FastCache

FastCache provides ready-to-run scripts and utilities to test KV-cache compression for MiniCPM-V-2.6 and LLaVA models under concurrent workloads. Two entry scripts are provided:

scripts/minicpm_testcon2.6.py
scripts/llava_testcon2.6.py

These share a common utils package in utils_ccm/.

1) Environment

Python 3.10+
NVIDIA GPU with CUDA (tested with A100)
Recommended: create a fresh virtualenv

Install dependencies:

pip install -r requirements.txt

2) Prepare Models

You need the base model weights locally (HF or internal mirror). Example paths below; adjust for your machine.
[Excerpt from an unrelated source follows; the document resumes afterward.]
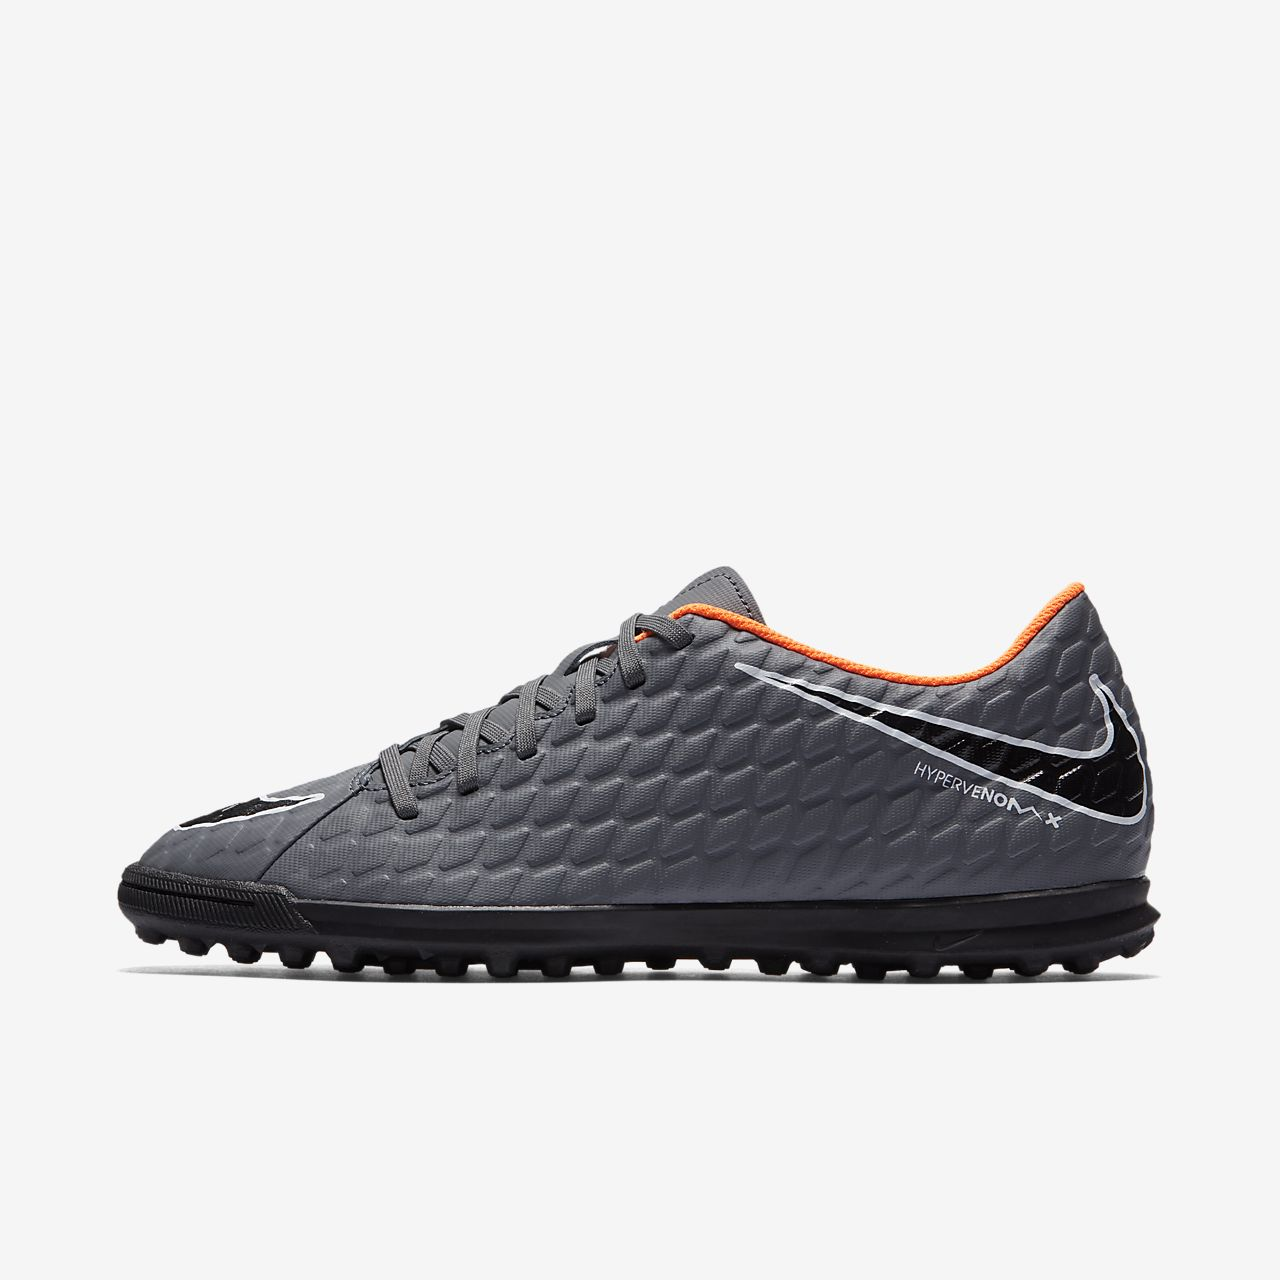 Nike Hypervenom PhantomX III Club TF Dark Grey White Total Orange AH7281081

MiniCPM-V-2.6 (vision-language): put at e.g. /data/huggingface/MiniCPM-V-2_6
LLaVA 1.5 7B HF: put at e.g. /data/huggingface/llava-1.5-7b-hf

The scripts use trust_remote_code=True for these repos.

2.1) Quick Demo Dataset (No External Download)

We include a tiny demo dataset in datasets/ with two small images and a LLaVA-style JSON (datasets/llava_v1_5_mix665k_demo.json). Use it to validate your setup without downloading large datasets:

# MiniCPM quick demo (2 samples)
python scripts/minicpm_testcon2.6.py \
  --model_path /data/huggingface/MiniCPM-V-2_6 \
  --ckpt_path ckpt/minicpm_mlp.pth \
  --datasets_js_path datasets/llava_v1_5_mix665k_demo.json \
  --datasets_img_path ./datasets \
  --use_compression --comp_mode ccm \
  --prefill_batch_size 1 --compress_batch_size 1 --decoding_batch_size 1 \
  --req_per_sec 1.0 --num_samples 2 --torch_dtype float16

# LLaVA quick demo (2 samples)
python scripts/llava_testcon2.6.py \
  --model_path /data/huggingface/llava-1.5-7b-hf \
  --ckpt_path ckpt/llava_mlp.pth \
  --datasets_js_path datasets/llava_v1_5_mix665k_demo.json \
  --datasets_img_path ./datasets \
  --use_compression --comp_mode ccm \
  --prefill_batch_size 1 --compress_batch_size 1 --decoding_batch_size 1 \
  --req_per_sec 1.0 --num_samples 2 --torch_dtype float16

3) Compressor MLP Weights (CCM)

Two MLP checkpoints (MiniCPM + LLaVA) are stored in this repo via Git LFS so you can run out of the box:

ckpt/minicpm_mlp.pth (MiniCPM)
ckpt/llava_mlp.pth (LLaVA)

Make sure you have Git LFS:

git lfs install
# If the files are not present after clone, fetch them explicitly:
git lfs pull

If you want to host weights elsewhere (e.g., GitHub Releases/Hugging Face) just update --ckpt_path or configs/experiments.yaml.

4) Datasets

The examples expect either GQA-style or MileBench-style VQA data. Provide two paths:

--datasets_js_path: annotation json or folder (e.g. /data/huggingface/LLaVA-Instruct-150K/llava_v1_5_mix665k.json)
--datasets_img_path: image root folder (e.g. ./datasets)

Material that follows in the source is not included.